# Problème langue App Store



## Cellulo (6 Décembre 2011)

Bonjour, 

J'ai fraîchement acquis un Ipad2 wifi.
Il était configuré en OS4.x et j'ai dû faire un update vers iOS5.
Tout s'est bien passé.

Cependant, malgré que mon Ipad soit bien configuré Français, lorsque je me connecte à l'app store via l'Ipad, je tombe sur la version Anglaise. 
Ce qui m'ennuie très fort pour les recherches d'applications. 

Comment puis-je régler ce problème svp ? 
Lorsque je demande de l'aide via l'appstore, on me reconduit vers une page internet "assistance" en Français, mais pourquoi l'appstore est en Anglais ? 

Dois-je ré-installer l'Ios 5 ?

Merci beaucoup.


----------



## jupiter123 (6 Décembre 2011)

Bonjour 
Meme soucis.
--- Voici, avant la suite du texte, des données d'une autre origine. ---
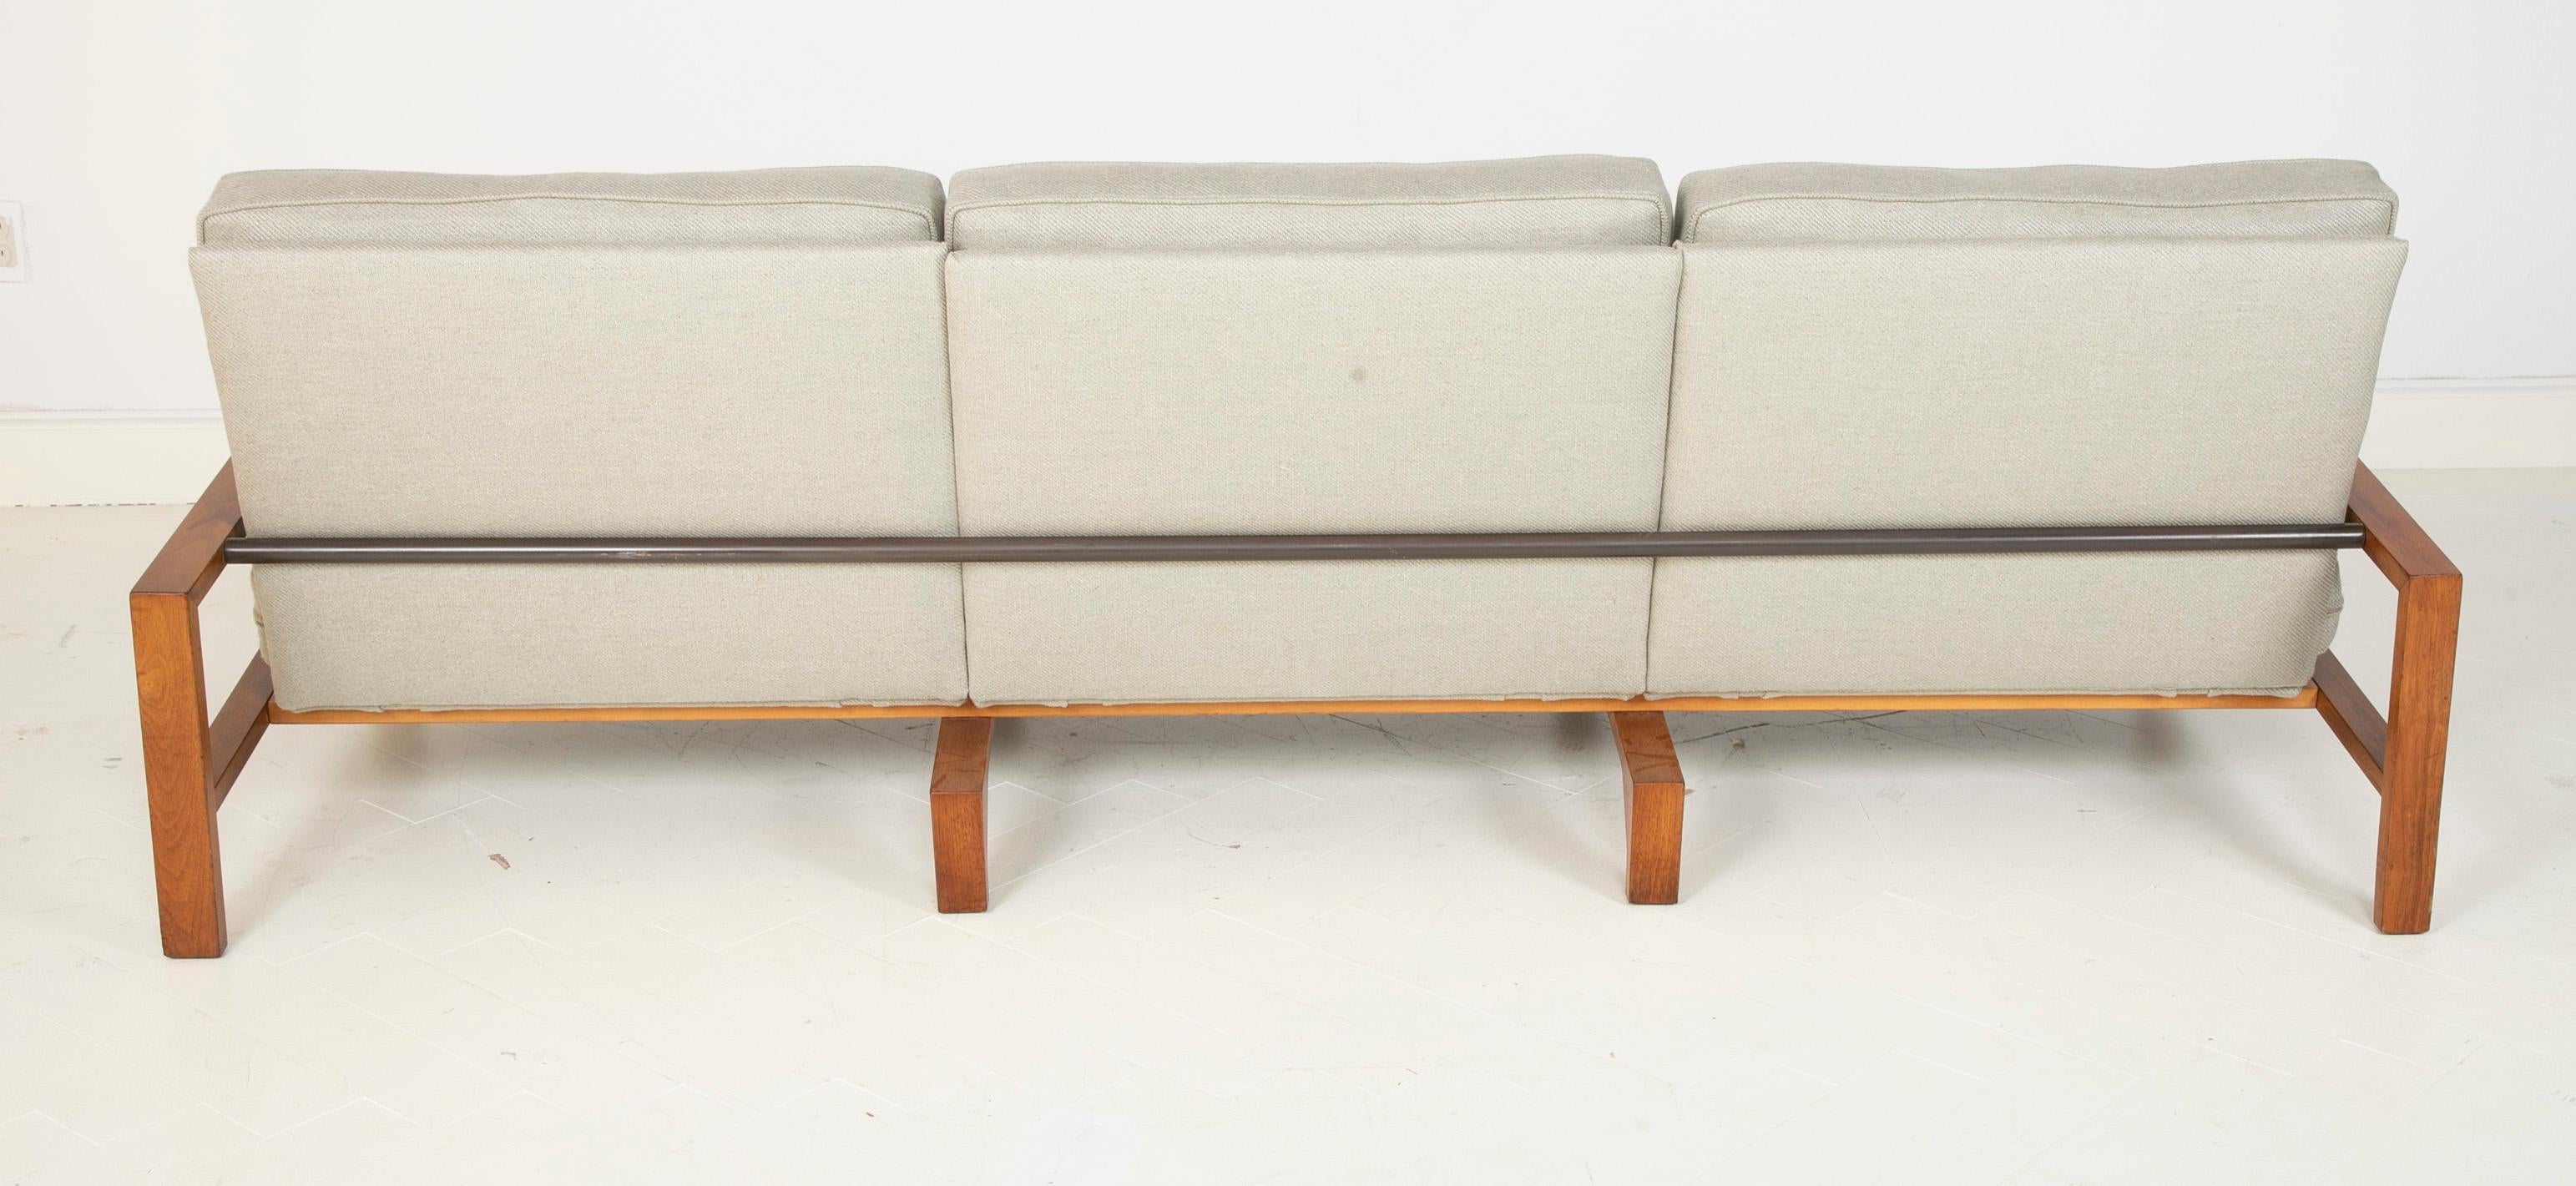 Van Keppel & Green Prototype Sofa Owned by The Founders of Architectural Pottery 2

Tu dois être sur un compte iTunes store américain. 
Il faut te créer un iTunes store en France tu vas dans ITUNE/ITUNESTORE/ au bas du as un menu "changer de pays" et tu clique sur FRANCE, cela devrait marcher.


----------



## Cellulo (6 Décembre 2011)

merci de ta réponse, hélas mon Itunes est en Français.
C'est juste l'App store le problème  

Et mon compte au départ a été créé sur l'App Store Français, je ne comprends plus rien...


----------



## Powerdom (6 Décembre 2011)

Oui,

donc vous allez sur l'appstore avec l'ipad et tout en bas / menu sélection / identifiant apple / se déconnecter / et vous reconnecter avec votre identifiant.


----------



## Cellulo (7 Décembre 2011)

Exactement ça, merci beaucoup


----------



## polpaulin (20 Mai 2012)

Bonjour

Je tombe sur cette discussion
et comment fait on dans les familles bilingues pour avoir app store en 2 langues , choisir des applications en francais ou en allemand par exemple ?

merci


----------